*Your assignment*: Write again exactly the lines in the listing below, starting at the line with "Worth Imports 9''" and ending at the line with "munro-hotel-bathroom-johannesburg-lustforthesublime", both included. Pictures are not copied.

*Provided entries*:
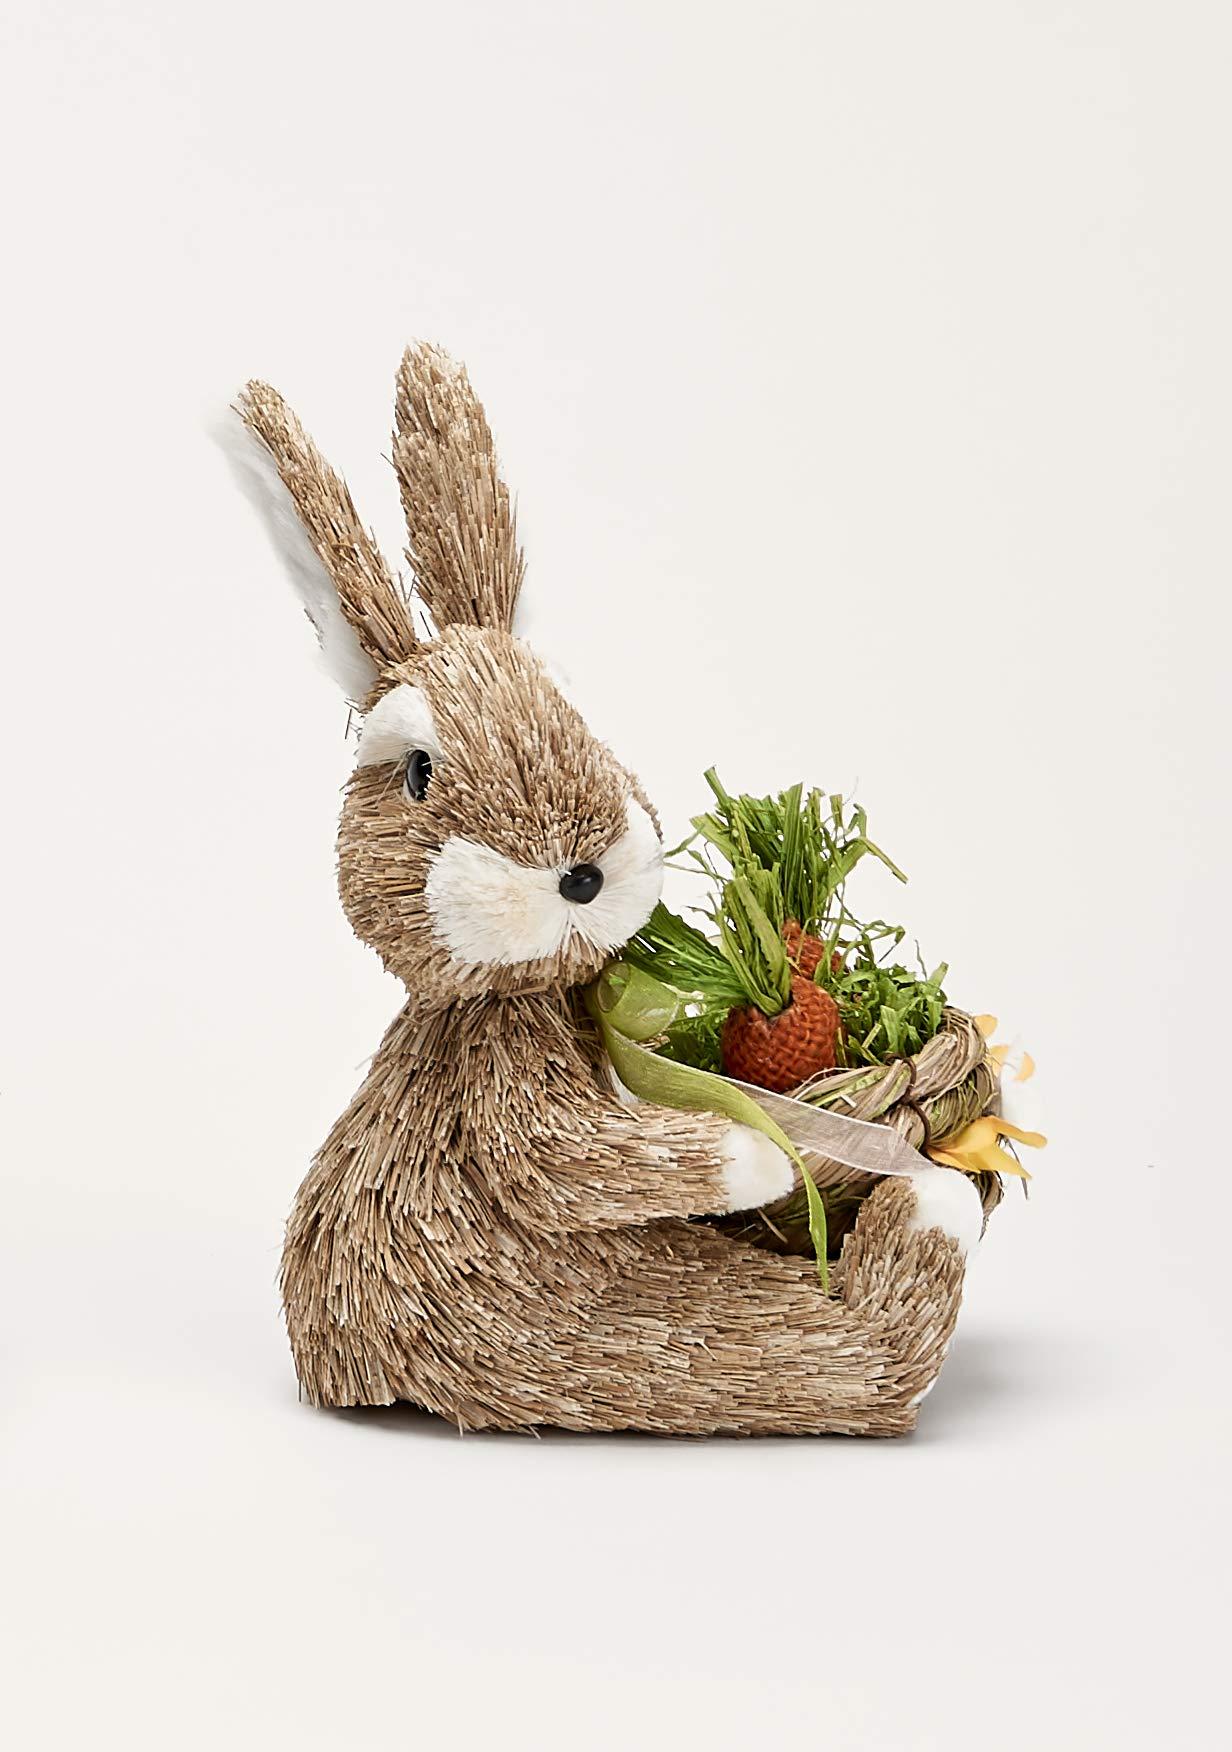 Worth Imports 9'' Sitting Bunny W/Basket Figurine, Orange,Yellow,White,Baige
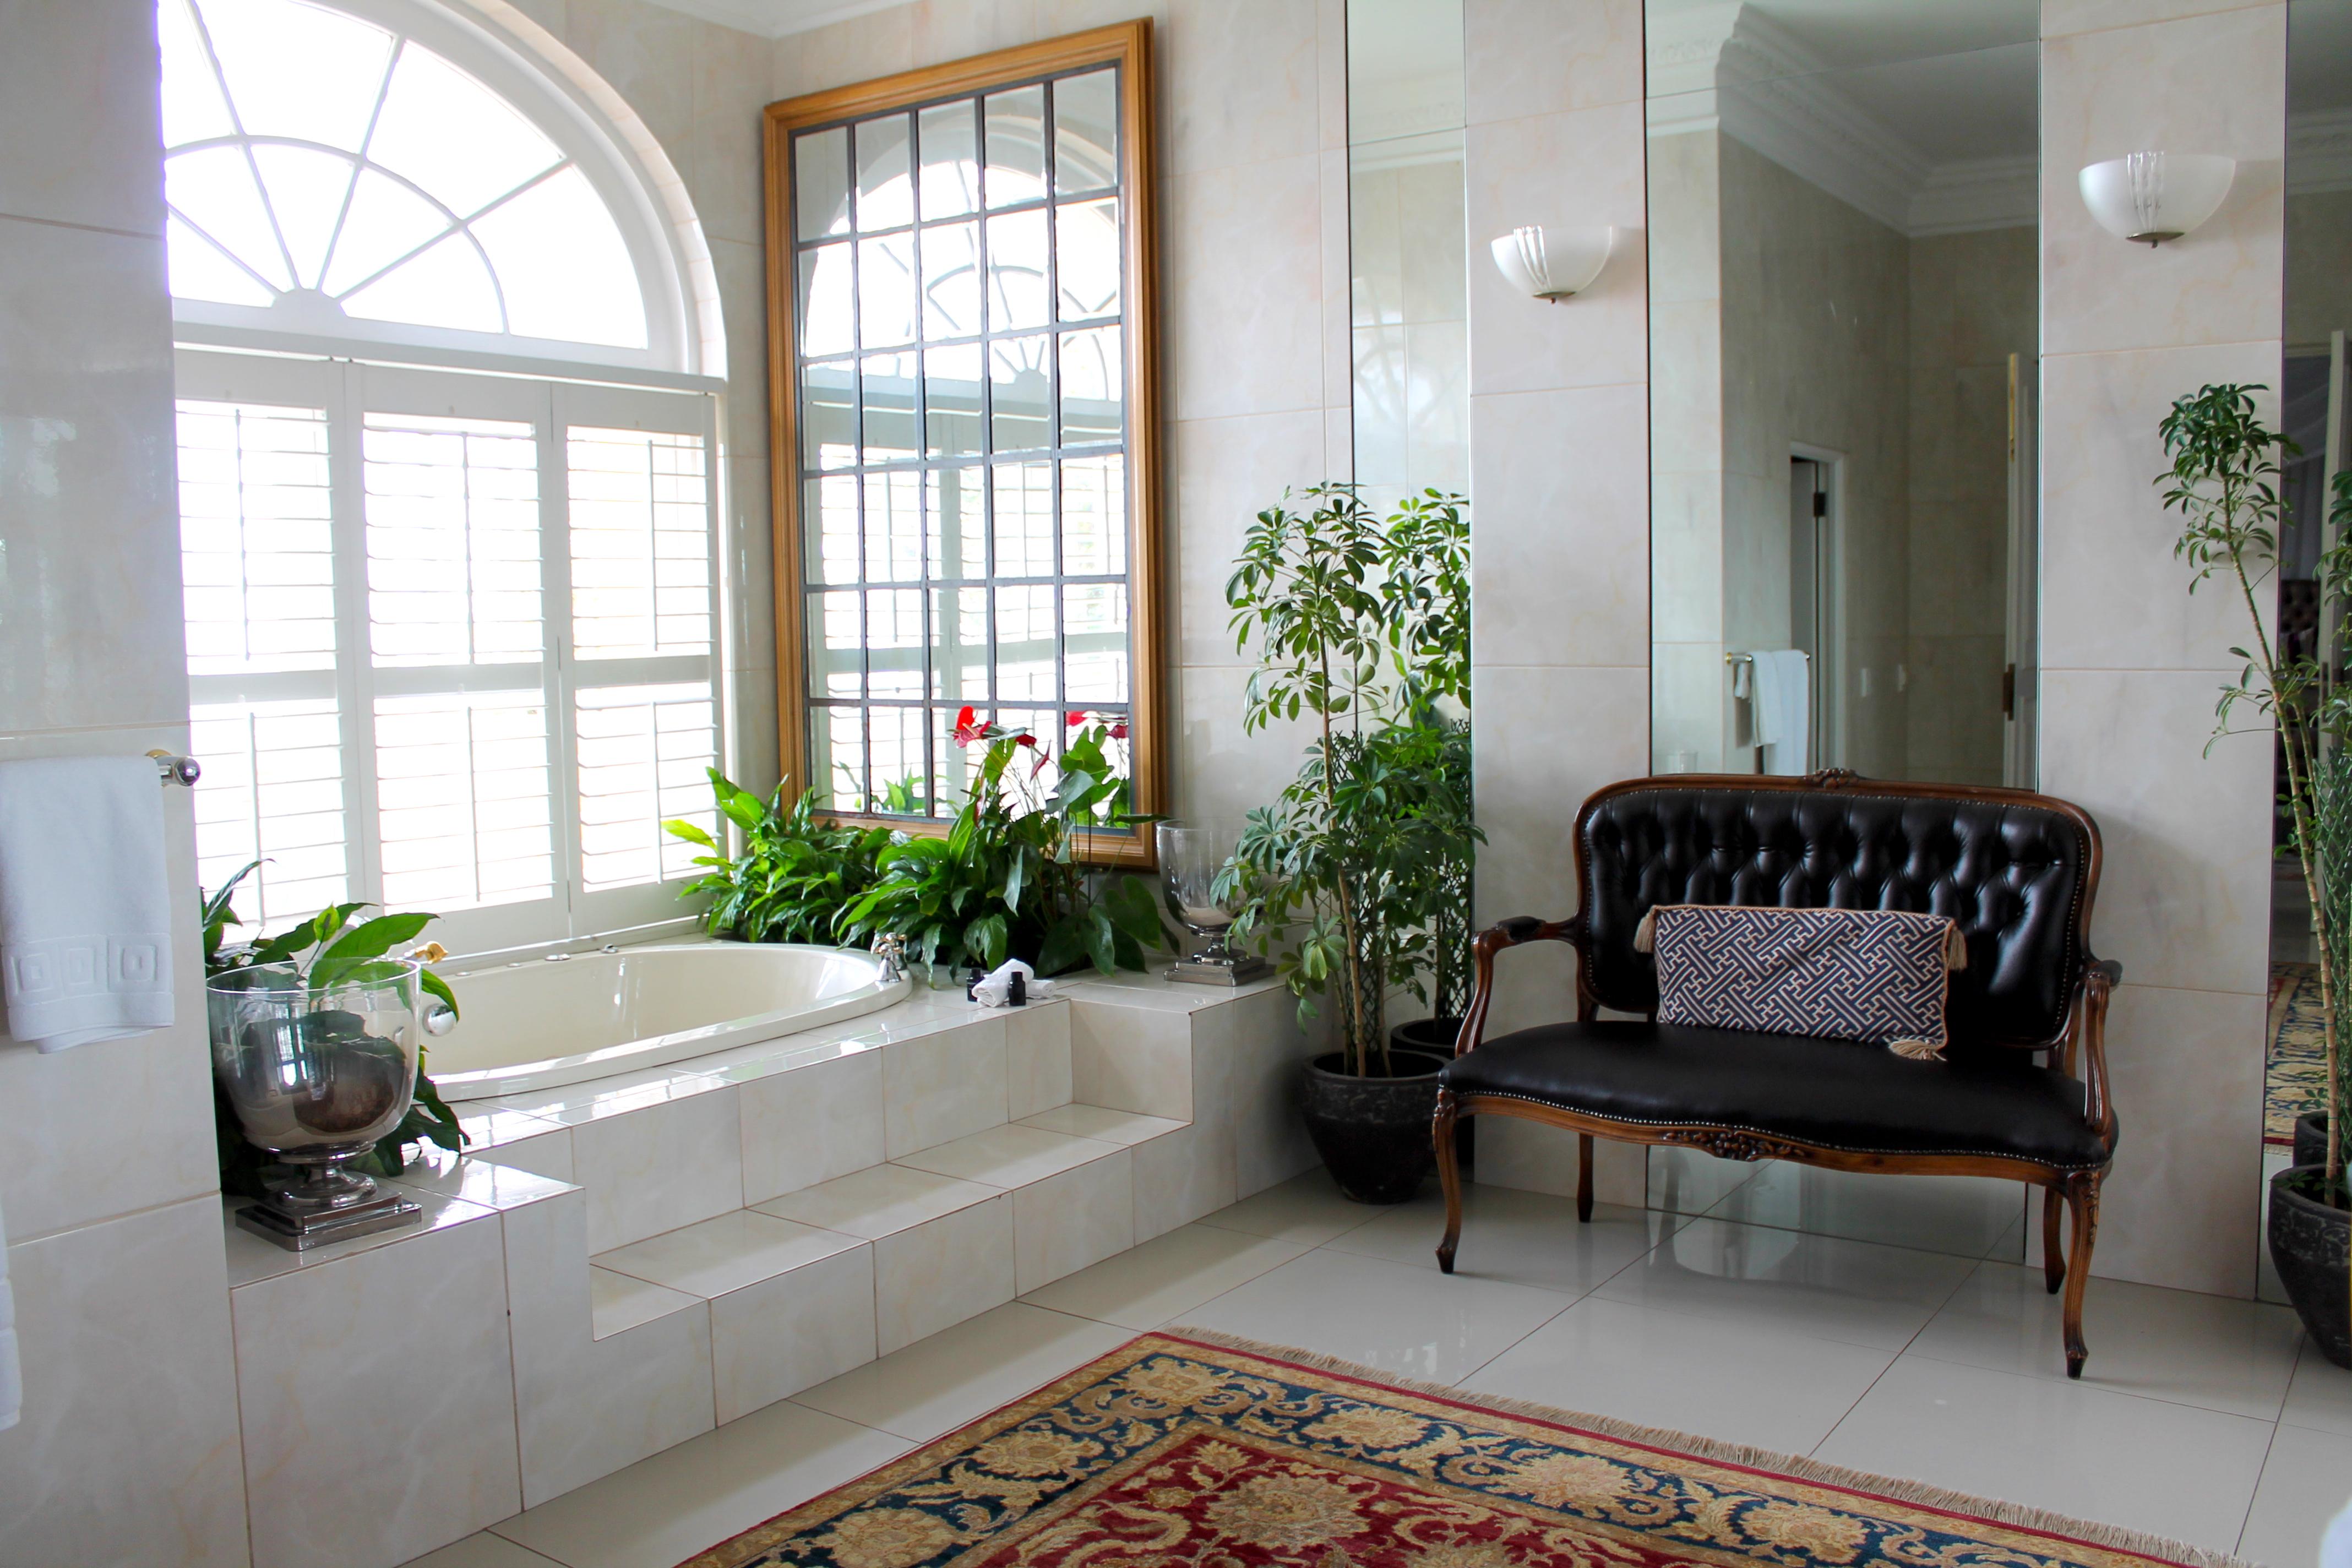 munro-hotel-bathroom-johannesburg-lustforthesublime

* * *

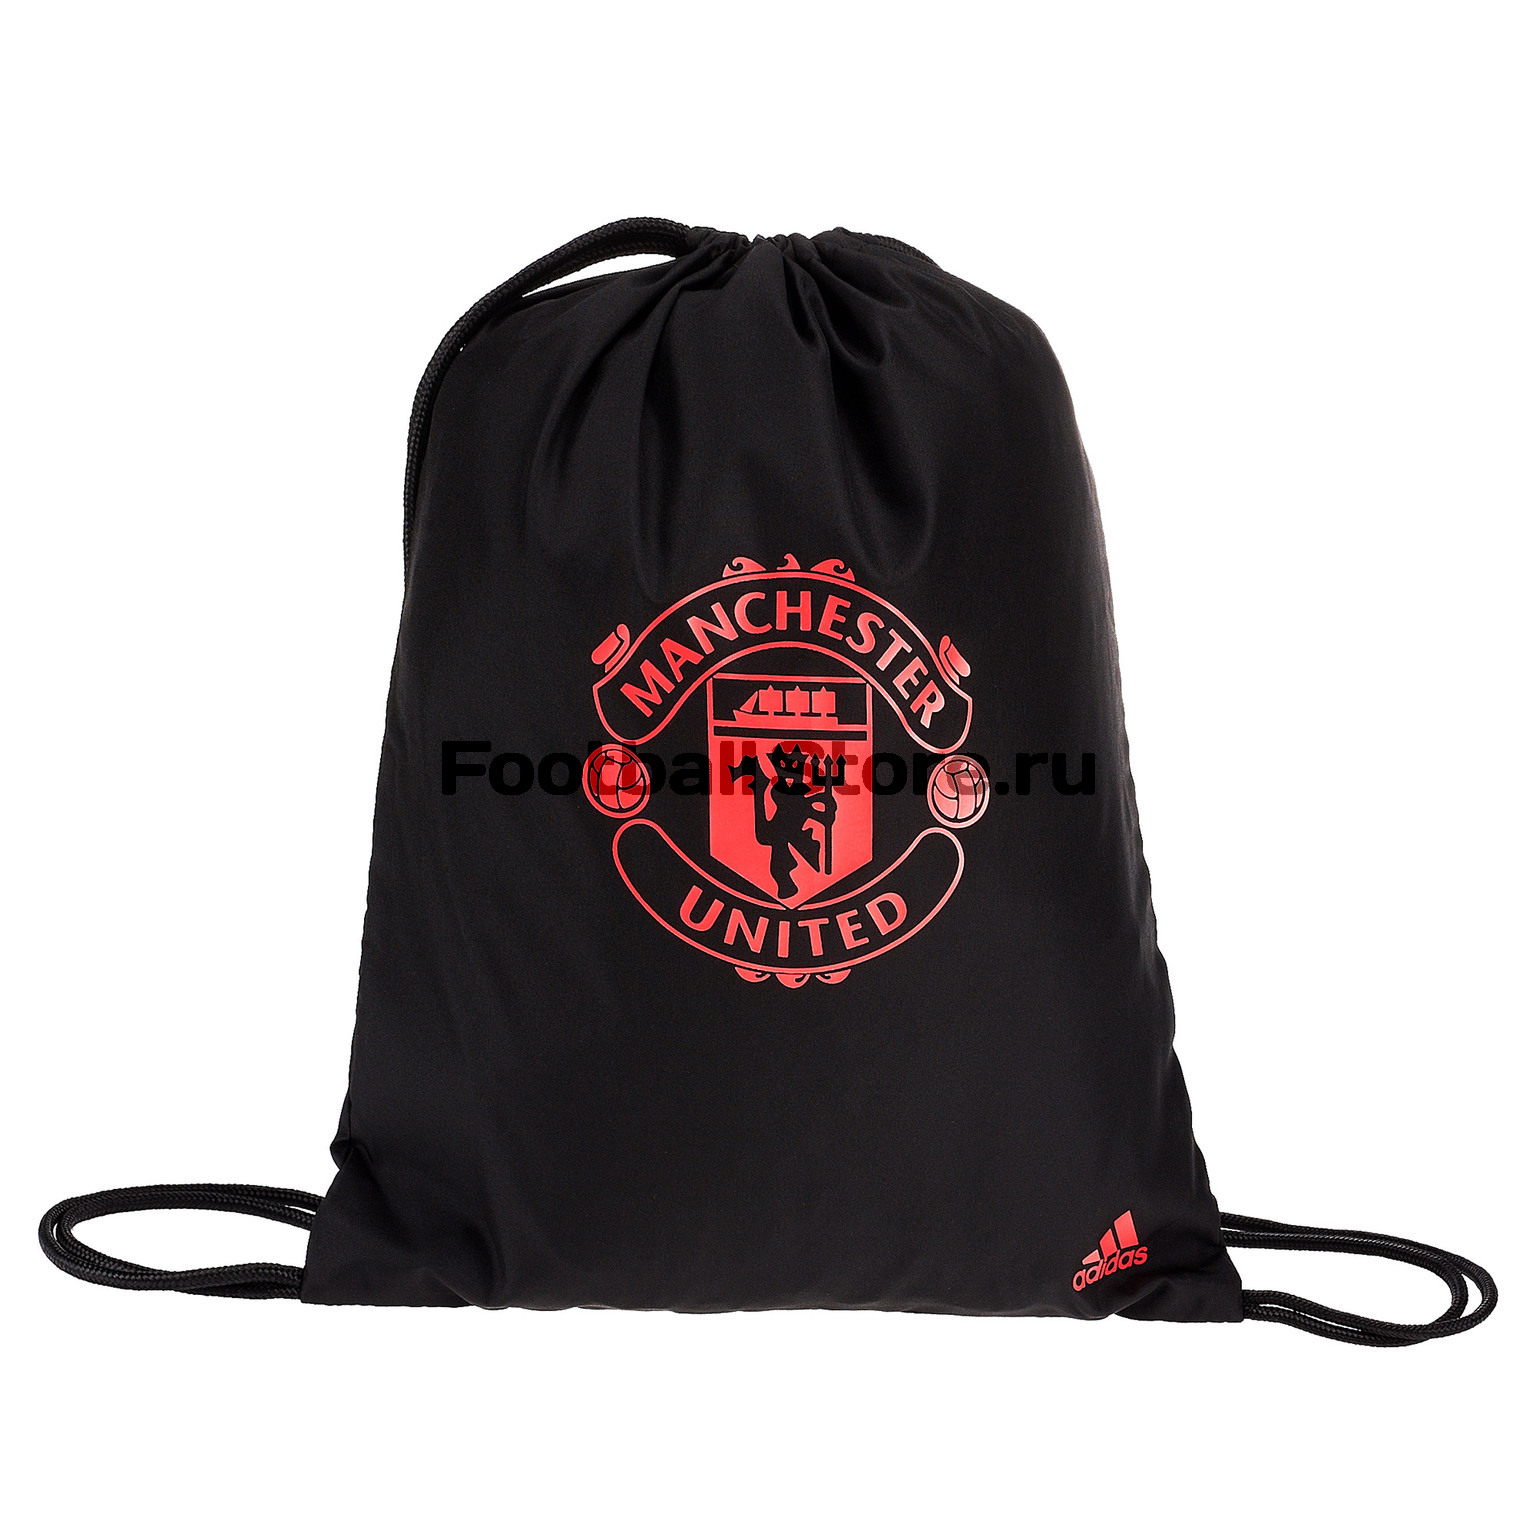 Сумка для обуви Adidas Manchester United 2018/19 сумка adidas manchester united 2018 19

*Response area*:
 Worth Imports 9'' Sitting Bunny W/Basket Figurine, Orange,Yellow,White,Baige
 munro-hotel-bathroom-johannesburg-lustforthesublime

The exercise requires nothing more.